# lol



## ampurdan

I have two questions:

Why do some people in the forums repeat lol all the time? What is it supposed to mean? And what are the icons and smilies that appear next to the thread titles? What do they mean?

Thank you.


----------



## Picknick

Means Laugh out Loud


----------



## Philippa

ampurdan said:
			
		

> Why do some people in the forums repeat lol all the time? What is it supposed to mean?


Hi
There are lots of threads!!
http://forum.wordreference.com/search.php?searchid=1270531
lol (laugh out loud)
Philippa


----------



## Picknick

...dont worry took me time to get it too..


----------



## elroy

ampurdan said:
			
		

> I have two questions:
> 
> Why do some people in the forums repeat lol all the time? What is it supposed to mean? And what are the icons and smilies that appear next to the thread titles? What do they mean?
> 
> Thank you.


 
"lol" means "laughing out loud."  It is supposed to indicate that you find something funny.

The icons and smilies that appear before thread titles are an option available to foreros who wish to communicate a certain sentiment about their message (notice that they can be used with any post, not just the one that starts a thread).  For example, you could use 

 to show that something made you smile
 to show that you found something funny
 to show that the content of a message may be vulgar
 to show that you disapprove of something
 to show that you just had a brilliant idea

etc. etc.

Just to illustrate, I am posting a thumbs-up with this message to congratulate you on asking a good question.


----------



## Picknick

Do you know more examples like that? Would be fun to know more..

...I think spanish folks use jajaja or jeje..


----------



## Jana337

Picknick said:
			
		

> Do you know more examples like that? Would be fun to know more..
> 
> ...I think spanish folks use jajaja or jeje..


Please let's talk about technical things only in this forum. Discussion about how other nations express lol is appropriate in our language forums.

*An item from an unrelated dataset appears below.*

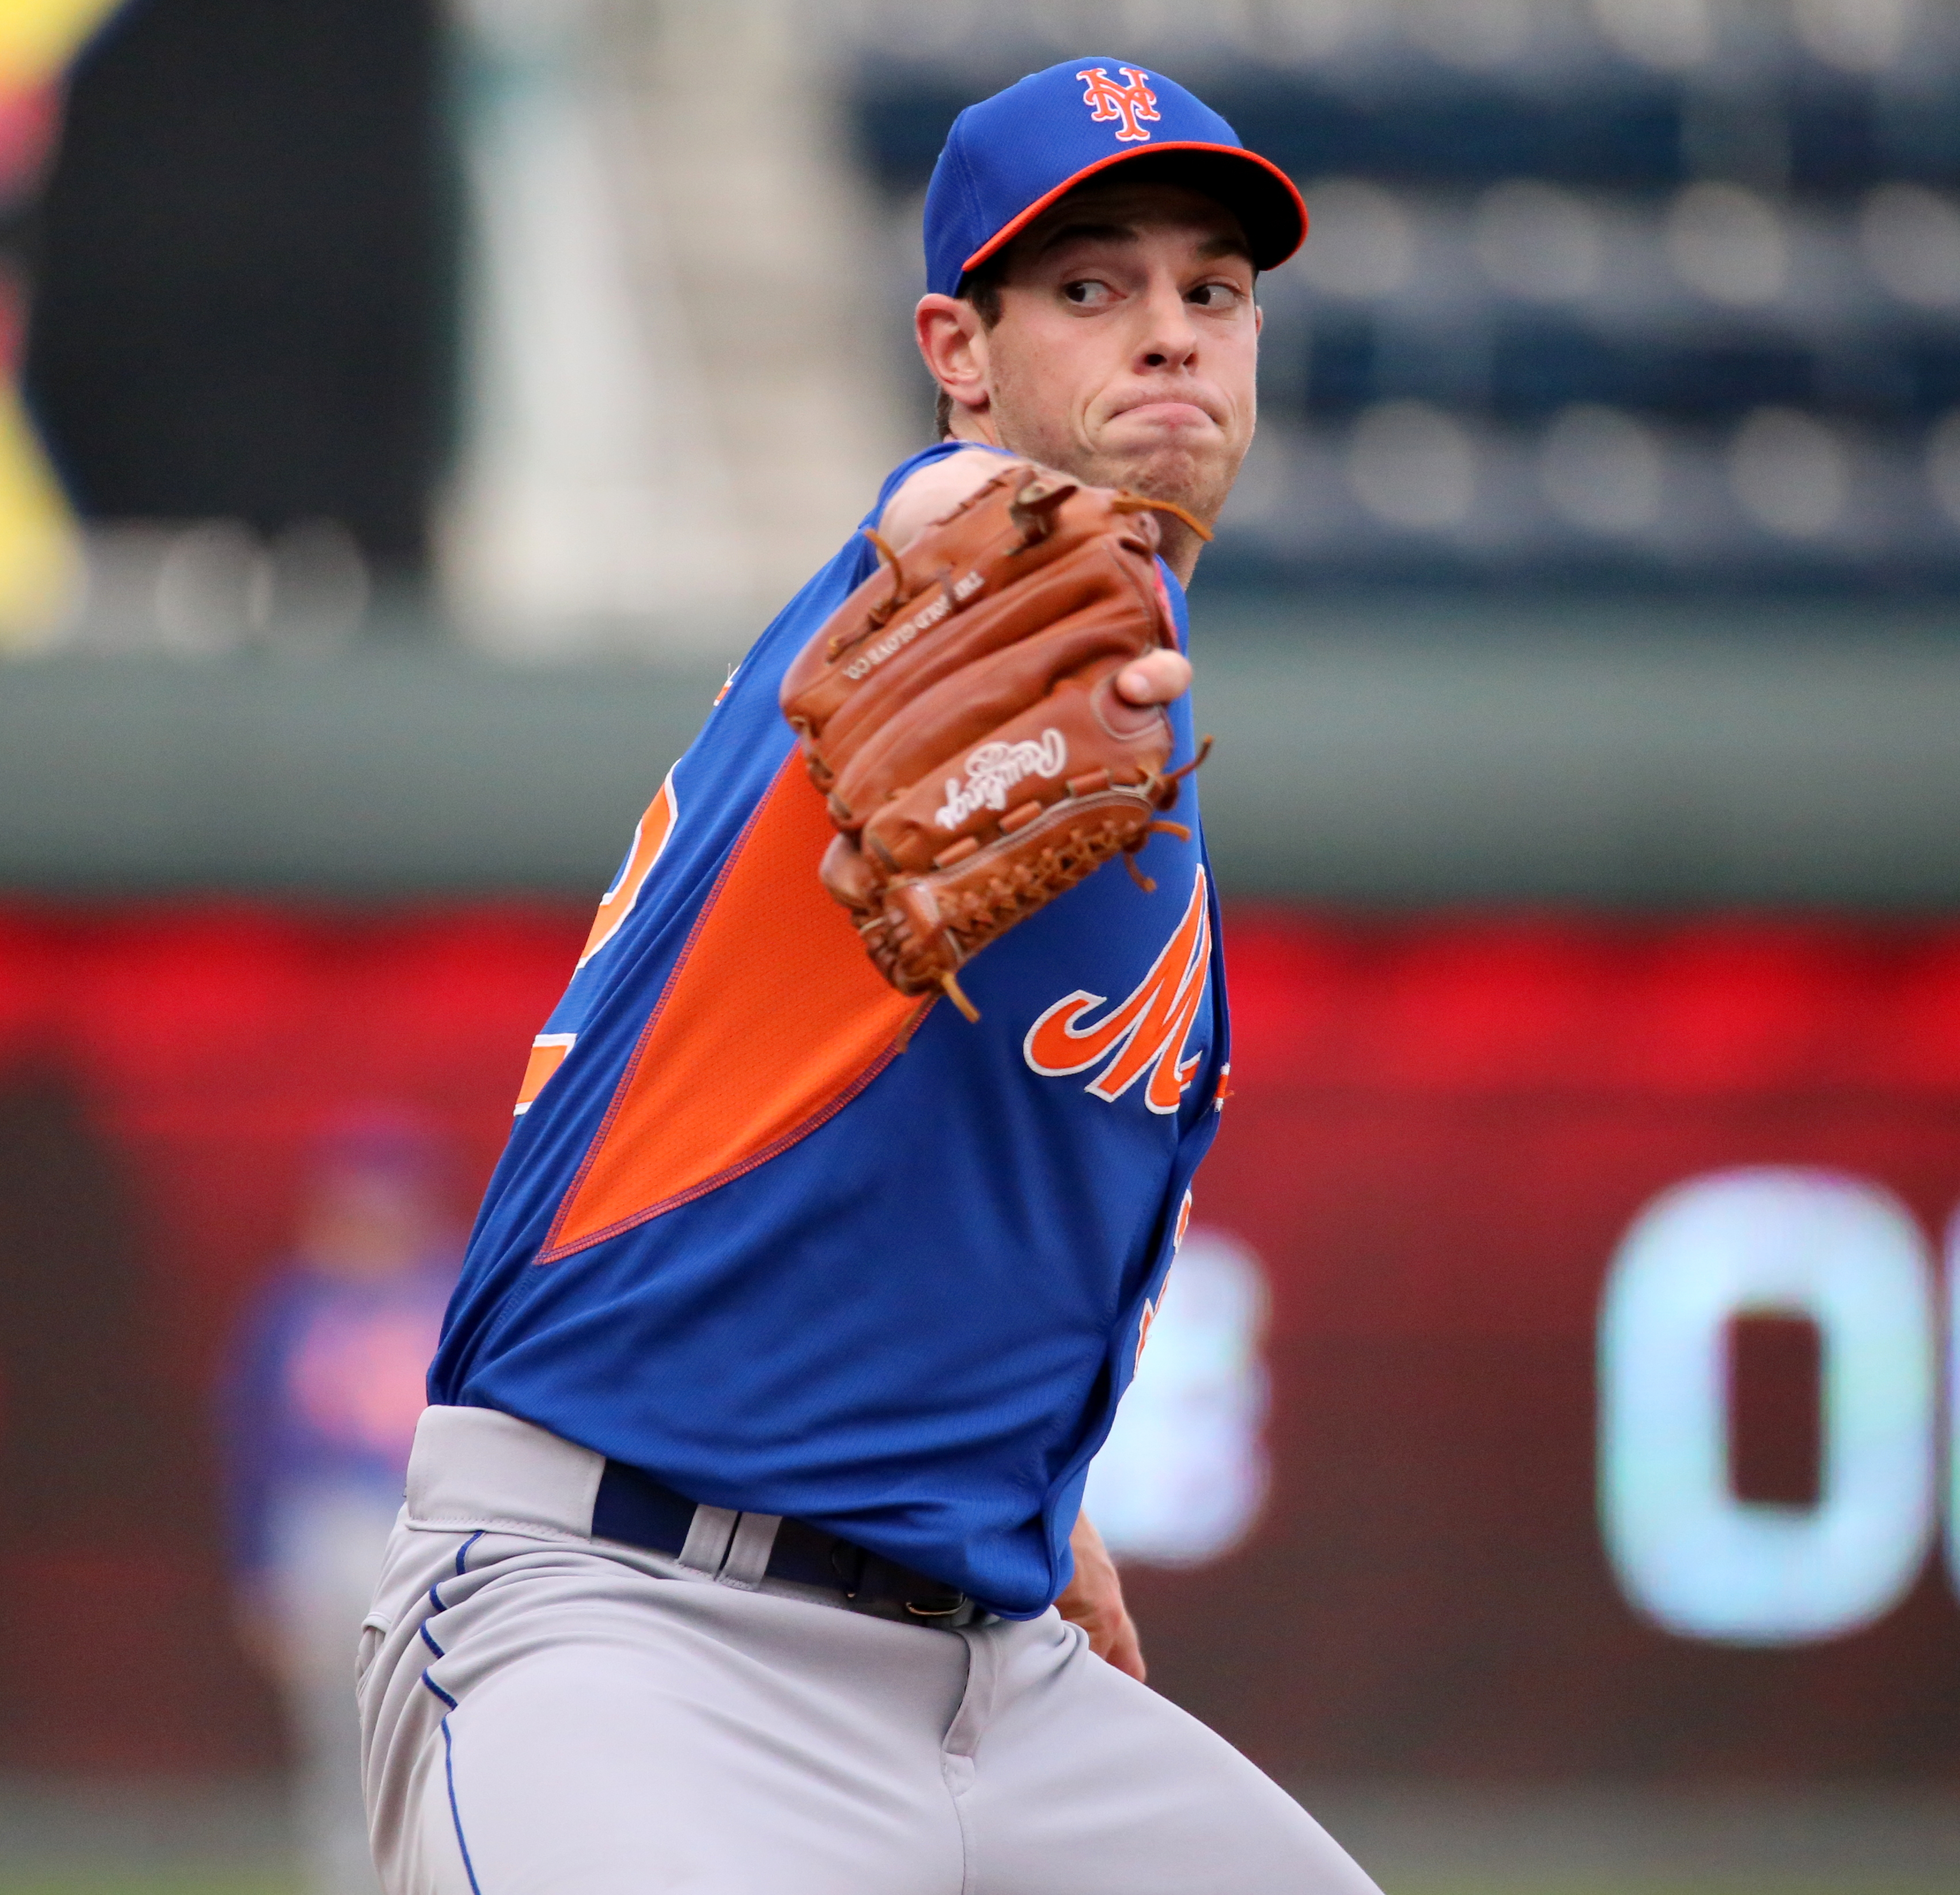 Monday Mets: The Rotation’s Reliance on Reclamation

Thanks for understanding. 

Jana


----------



## Picknick

ok Jana, come on its just for fun..


----------



## ampurdan

Ok, I see, thank to you all. Elroy, you have put a thumbs-up next to your post, but who decides the one that goes next to the thread, a moderator? or anyone? And how can I do such thing? And, what about the envelopes next to the icons, what do they mean?

Thank you again.


----------



## Jana337

ampurdan said:
			
		

> Ok, I see, thank to you all. Elroy, you have put a thumbs-up next to your post, but who decides the one that goes next to the thread, a moderator? or anyone? And how can I do such thing? And, what about the envelopes next to the icons, what do they mean?
> 
> Thank you again.


 The thread opener himself or herself chooses the symbol. Moderators can change it, and they occasionally do: If the content of a thread turns out to be objectionable, we add a .
When opening a thread, scroll down and you will find all available smileys.

The envelopes (or, to be precise, their colors) indicate the popularity of threads. 

Purple - a brand new thread
Red - a thread with more than 150 views and/or more than 15 replies (hope I got the numbers right)
Blue - if none of the above applies

Jana


----------



## ampurdan

Thank you Jana, and what about when there is an arrow over them? (I feel like asking too much, but those are questions I've been wanting to make since long ago).


----------



## elroy

ampurdan said:
			
		

> Thank you Jana, and what about when there is an arrow over them? (I feel like asking too much, but those are questions I've been wanting to make since long ago).


 
The arrow means that you have posted in that thread.


----------



## panjandrum

I hesitate to point out the obvious - well actually I didn't - but on any forum display showing the list of threads in the forum, if you scroll down to the bottom of the page you will see the meaning of the envelopes and arrows.

You'll also find a "Forum Jump" down there.


----------